Then some cold-hearted genius in the research department saw how to turn the liability into an asset.
Understand that the SLAM reactor, like all reactors, are not very radioactive. Until the first time they are powered up, then they will emit torrents of radioactive death for centuries.
If the nation goes to DEFCON 1 you launch the SLAM using non-radioactive chemical rockets. These get the nightmare missile out to sea far enough so that no (United States) person was endangered. Then the totally unshielded reactor was powered up. Since the monster had a range of 182,000 km (x4.5 the circumference of Terra) it wasn't going to run out of fuel anytime soon. Especially since it didn't have to lug around a heavy radiation shield. It could fly in a circular holding pattern until nuclear war was initiated or called off, killing nobody with radiation except sea life and any fishermen unfortunate to be underneath.
Somebody figured that radiation in the defense of liberty is no vice. Somebody on Twitter remarked: "So it does fly without core containment, that is some serious Reaver sh*t."
If the war was called off, the SLAM(s) would abort by quenching their reactors and ditching into the (hopefully) deep ocean. Anybody with bright ideas about salvaging US weapons from the sunken SLAMs will have to deal with the radiation from its neutron-activated structure. The SLAM designers might deliberately incorporate cobalt or something similar into the structure as a rude surprise.
But if war is declared, the SLAMs will drop to a stealth wave-hugging altitude and proceed at supersonic velocity toward their designated Soviet targets, with a weapons loadout of 1 to 42 thermonuclear bombs (1@26 megatons, 42@5 kilotons each). 25 megatons is considered to be a "city-killer", though a single bomb that big tends to be a waste of nuclear energy. Since there are no skyscrapers a mile in the air or a mile underground, the most of the spherical nuclear fireball is wasted. It is more efficient to use a pattern of kiloton devices with a fireball about one skyscraper-height in radius.

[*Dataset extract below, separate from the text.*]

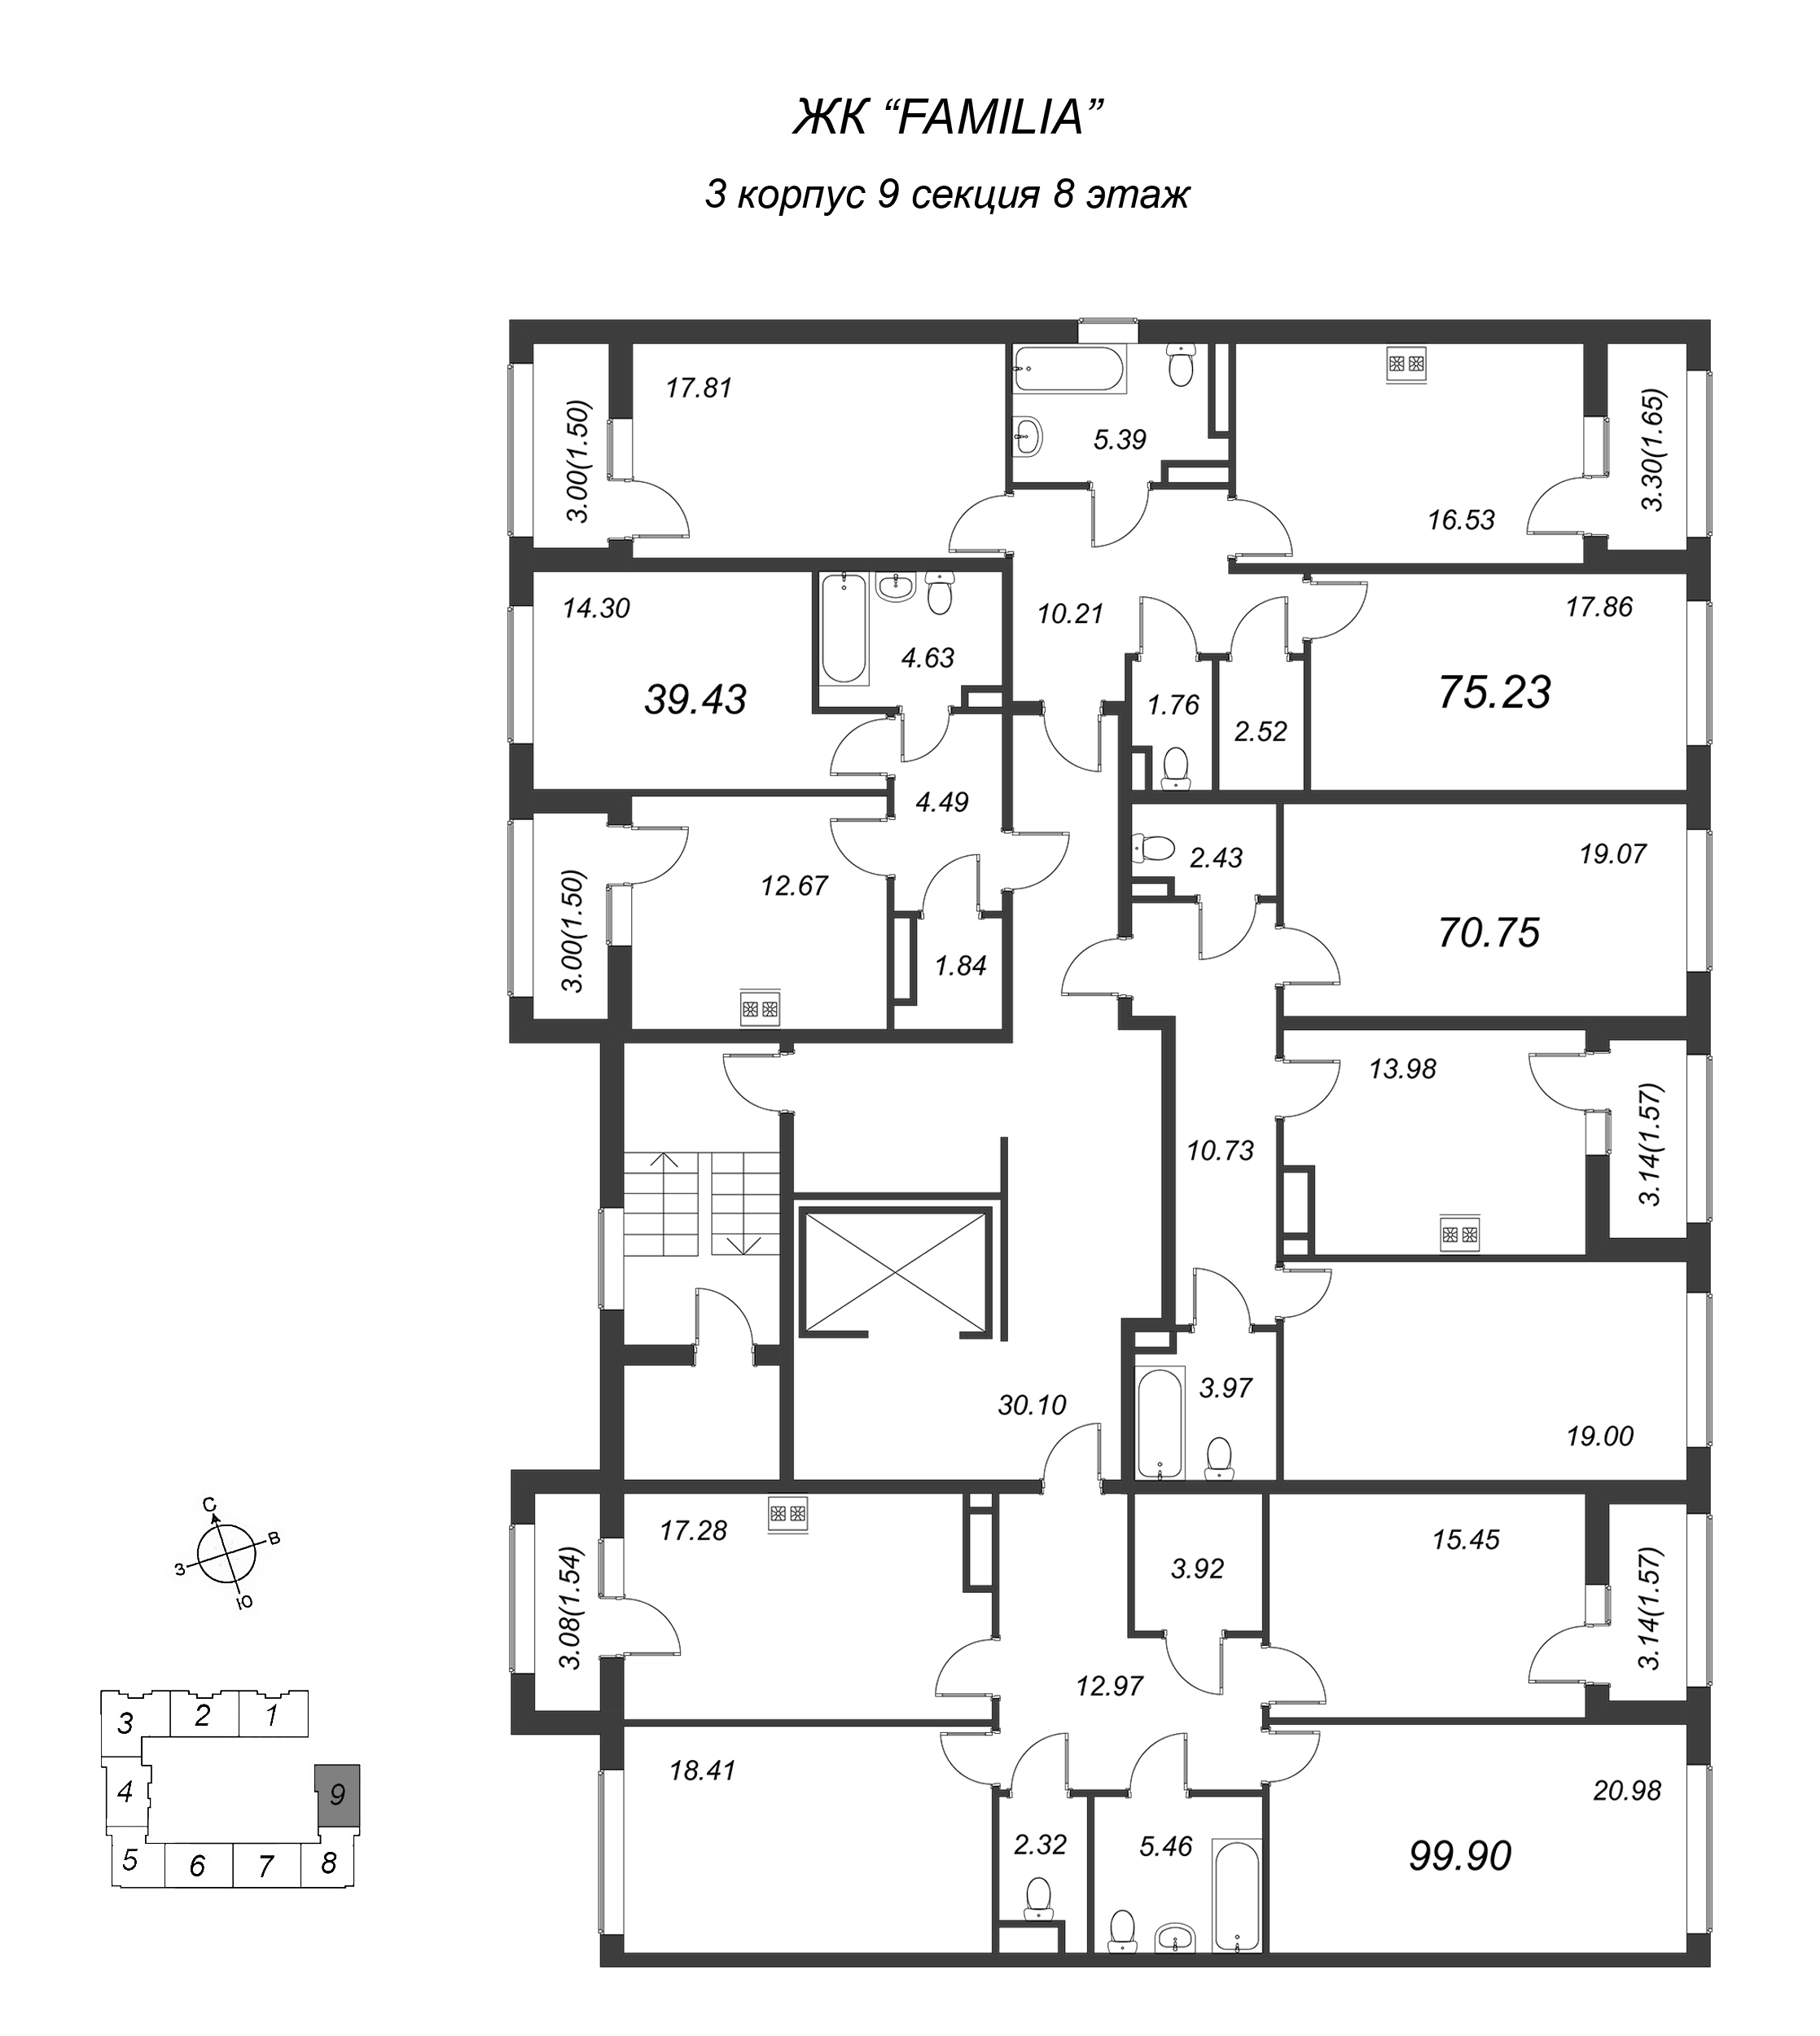 1-комнатная квартира, 39.5 м² в ЖК "FAMILIA" - планировка этажа

The SLAM will cross the ocean at an altitude of 35,000 feet, but when it approached the Soviet air detection system it would drop below "radar detection altitude". One source said that was 500 to 1,000 feet, another said 50 feet.
Traveling at Mach 3 at treetop level (15 meters or 50 feet) means that any person standing underneath will be instantly killed by the sonic shockwave alone (they will also be made deaf by the 150 dB sound and given cancer, but these things matter not to a dead person). The thing is also white-hot so there will be a bit of thermal pulse as well, to add insult to injury.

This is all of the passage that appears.